Поначалу Валентин Альбертович Грине не понравился. Очень маленького роста, чуть ли не карлик, с плотной коротконогой фигурой. Пока он, не покушаясь на высоко прибитую вешалку, снимал и пристраивал на стуле в прихожей своё мальчиковое пальто, Гриня хмуро разглядывал несолидного гостя через полуоткрытую дверь. Вряд ли от него можно чего-нибудь ожидать, тем более материальной поддержки. Но уже через полчаса беседы – да какая там беседа, просто театр одного актёра! – Гриня к нему резко переменился.
Доктор Карелин буквально гипнотизировал звуком своего голоса. Именно звуком – не построением речи, не её содержанием, а конкретно свойствами голосового аппарата, которые наверняка можно было бы снабдить ярлычками и характеристиками из учебника физики. Кроме тембра, ритма, модуляций, скорости и прочей технико-музыкальной части в его голосе присутствовала волевая энергия. Она доносила не произнесённый, но заложенный в речи смысл, и это было сродни передаче мыслей на расстояние.

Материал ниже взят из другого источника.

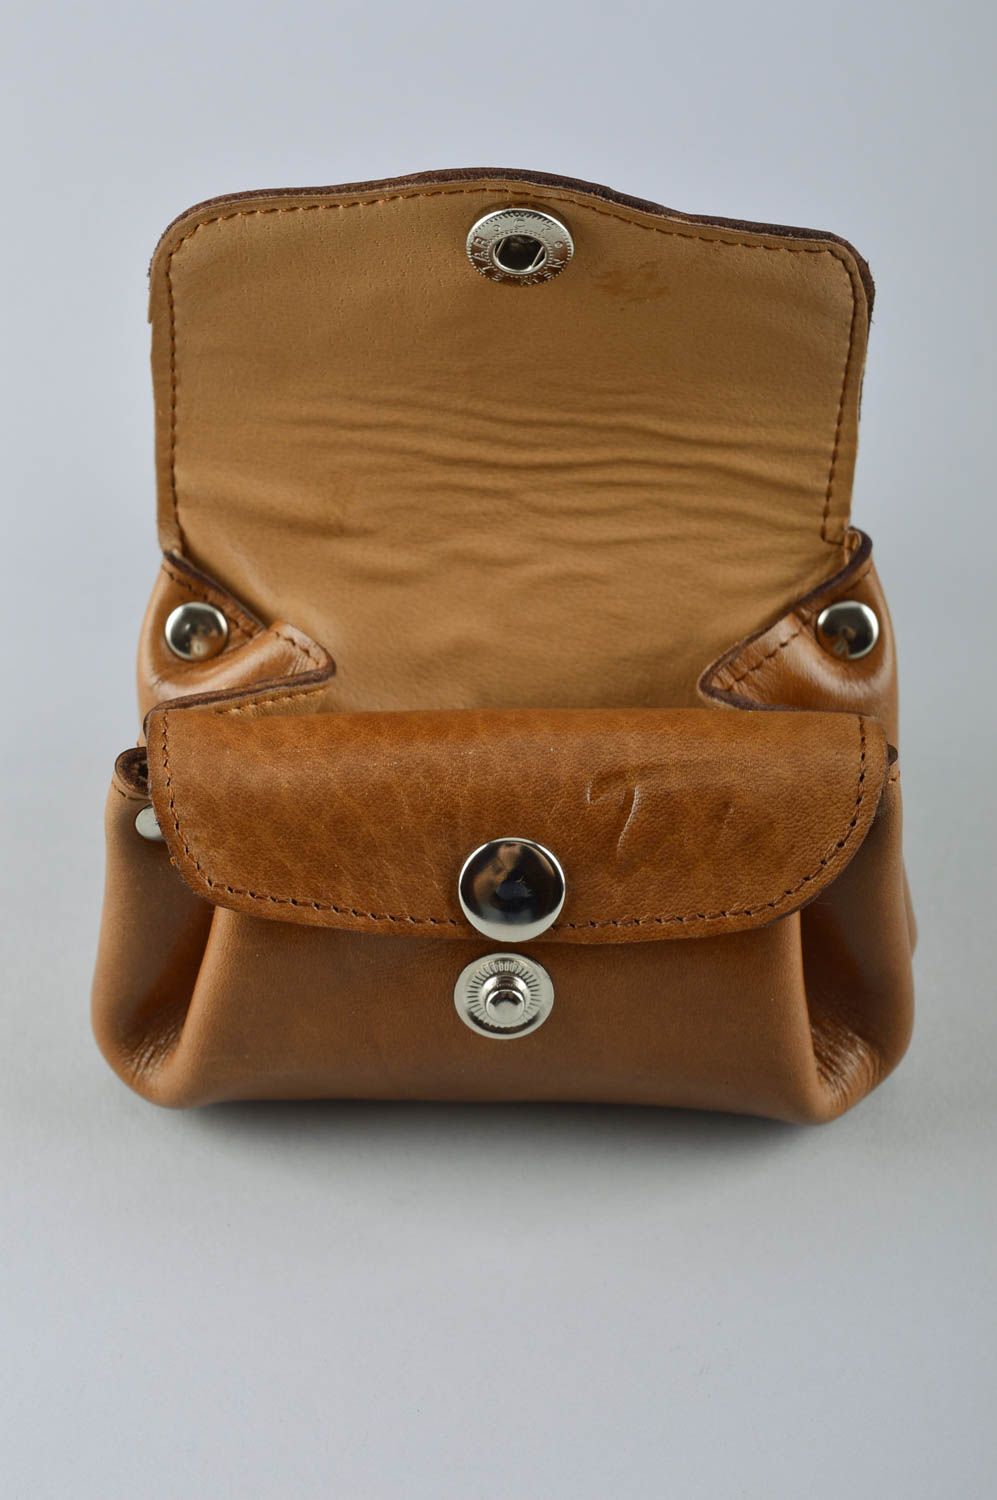 Кожаный кошелек ручной работы аксессуар из кожи красивый подарок женщине фото 3

Как-то само собой вышло, что Гриня пошёл провожать Валентина Альбертовича до метро, а по пути непостижимым образом всё ему о себе выложил: про надоевшую и брошенную школу, про вечную нехватку денег, про ужас совместной жизни с матерью. И даже про женщин! Вернее, про их отсутствие. Как он мучается, особенно по утрам, просто ему физически не встать с кровати, не пойдёшь же с этим… И как боится и брезгует, и страдает от того, что нищ и непригляден, никому не интересен!
– Женщины – необходимы, спору нет… деньги – не проблема… – комментировал доктор, а Грине слышалось: «Я помогу вам с этим, можете на меня рассчитывать».

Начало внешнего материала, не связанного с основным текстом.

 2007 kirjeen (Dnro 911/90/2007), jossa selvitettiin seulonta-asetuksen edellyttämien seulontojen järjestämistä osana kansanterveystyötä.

Он стал ждать и даже успокоился, смог наконец-то дойти до школы, чтобы получить свой дохленький аттестат, и целую неделю не ссорился с матерью. Навалился и за день сделал генеральную уборку всей квартиры, до половины отмыл окно-фонарь и сразу увидел, что наступила настоящая золотая осень, с пронзительной синевой неба, в прощальном праздничном уборе.
Теперь он часто встречался с Валентином, и если мать ездила в его медицинский центр на Петроградскую сторону, то Григорию Александровичу было позволено навещать доктора Карелина дома. Это произошло случайно, они не сговариваясь встретились на выставке картин Сандро. Гриня пришёл туда в надежде застать отца и перехватить у него денежку, проторчал там безрезультатно битый час и уже было направился к выходу, как заметил Валентина Альбертовича под руку с высокой дамой. Смотрелись они комично – дама, которой было далеко за сорок, уцепившись за локоть коротконогого спутника, шла скособочено, но гордо. Доктор что-то шепнул ей на ухо, и дама принялась в упор разглядывать Гриню. Они познакомились. Дама оказалась владелицей этого выставочного салона и звали её Генриетта – или просто Грета.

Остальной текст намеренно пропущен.